How Can Divorce Affect the Immigration Process?

Divorce can take a heavy toll on any individual regardless of citizenship status. While the decision to end a marriage is hard on most couples, it can be especially daunting for immigrants, as many non-citizens are only permitted to be in the U.S. on a temporary or conditional basis.

It’s normal for recent or soon-to-be divorcés to feel concerned about their immigration status during the dissolution of marriage, especially if their status is dependent on their spouse (or vice versa).

Given the time-consuming complexities of the U.S. immigration process, it’s no surprise that familial and marital conflicts can amplify a person’s stress levels. Fortunately, there are various strategies that non-citizens can employ to combat immigration-related issues that arise as a result of divorce.

Keep in mind that while it can be beneficial to learn more about U.S. immigration processes on your own, it’s best to consult with a trusted immigration attorney, as they can provide the professional legal counsel and advocacy you require to obtain a favorable outcome in court.

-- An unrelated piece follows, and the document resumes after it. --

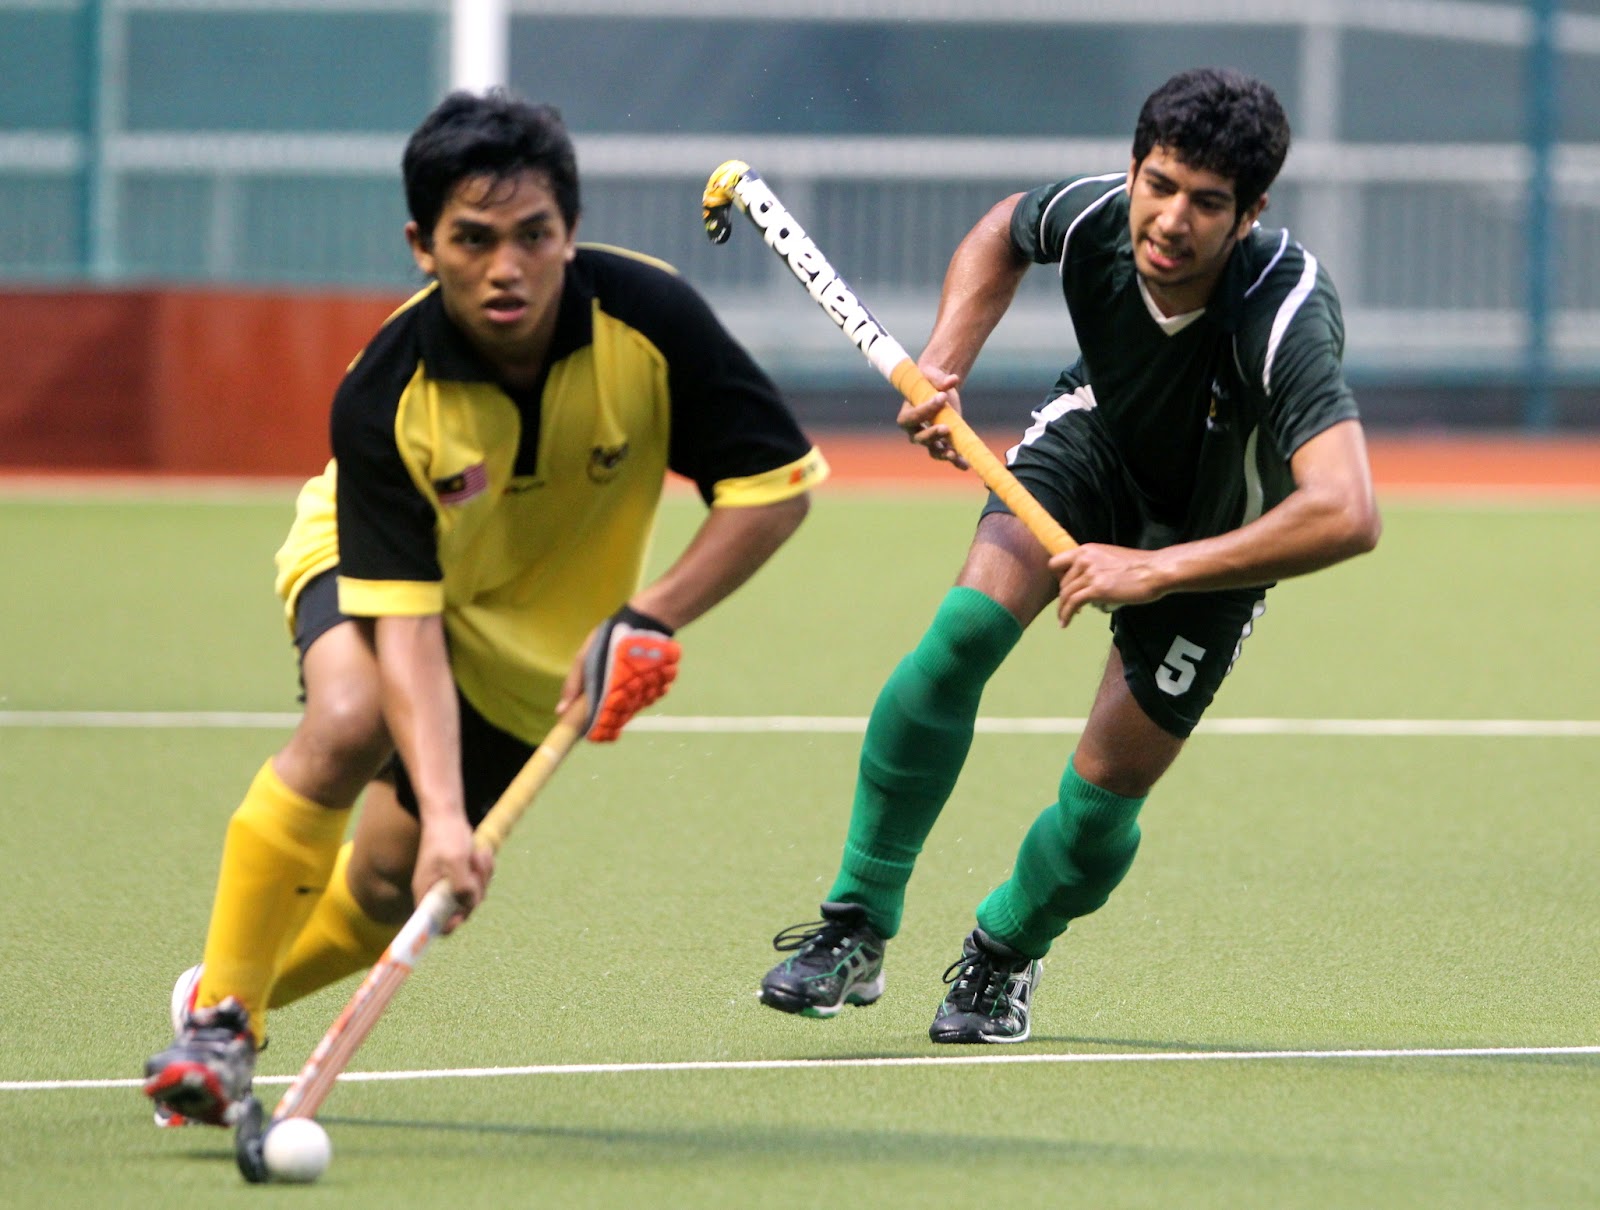 MALAYSIAN SPORTS: JUNIOR ASIA CUP PREVIEW

Effects of Divorce on Green Card Holders

The ways in which divorce can impact an individual’s immigration status, if any, is dependent on that person’s unique circumstances, such as:

  • Whether or not the individual is a conditional resident;
  • Whether their status is dependent on their spouse; and/or
  • How far along the person is in the U.S. immigration process (if applicable).

Divorce & Green Card Holders with Permanent Residency

For many green card holders, their immigration status is unaffected by divorce. This is the case for green card holders who are already lawful permanent residents (LPRs) in the United States. In these instances, it’s extremely unlikely that a change in marital status will affect the immigration status of such individuals.

However, while the immigration status of green card holders with lawful permanent residence is unaffected by divorce, it’s worth noting that divorce can affect an individual’s ability to apply for naturalization.

In such cases, the divorced petitioner will be required to wait 5 years after acquiring their green card to apply for naturalization, as opposed to 3 years for green card holders who stay married.

Divorce & Green Card Holders with Conditional Residency

While some green card holders may be unaffected by divorce, this isn’t the case for all. Those who obtain lawful U.S. residence through a marriage-based green card are more likely to encounter obstacles on the path to naturalization.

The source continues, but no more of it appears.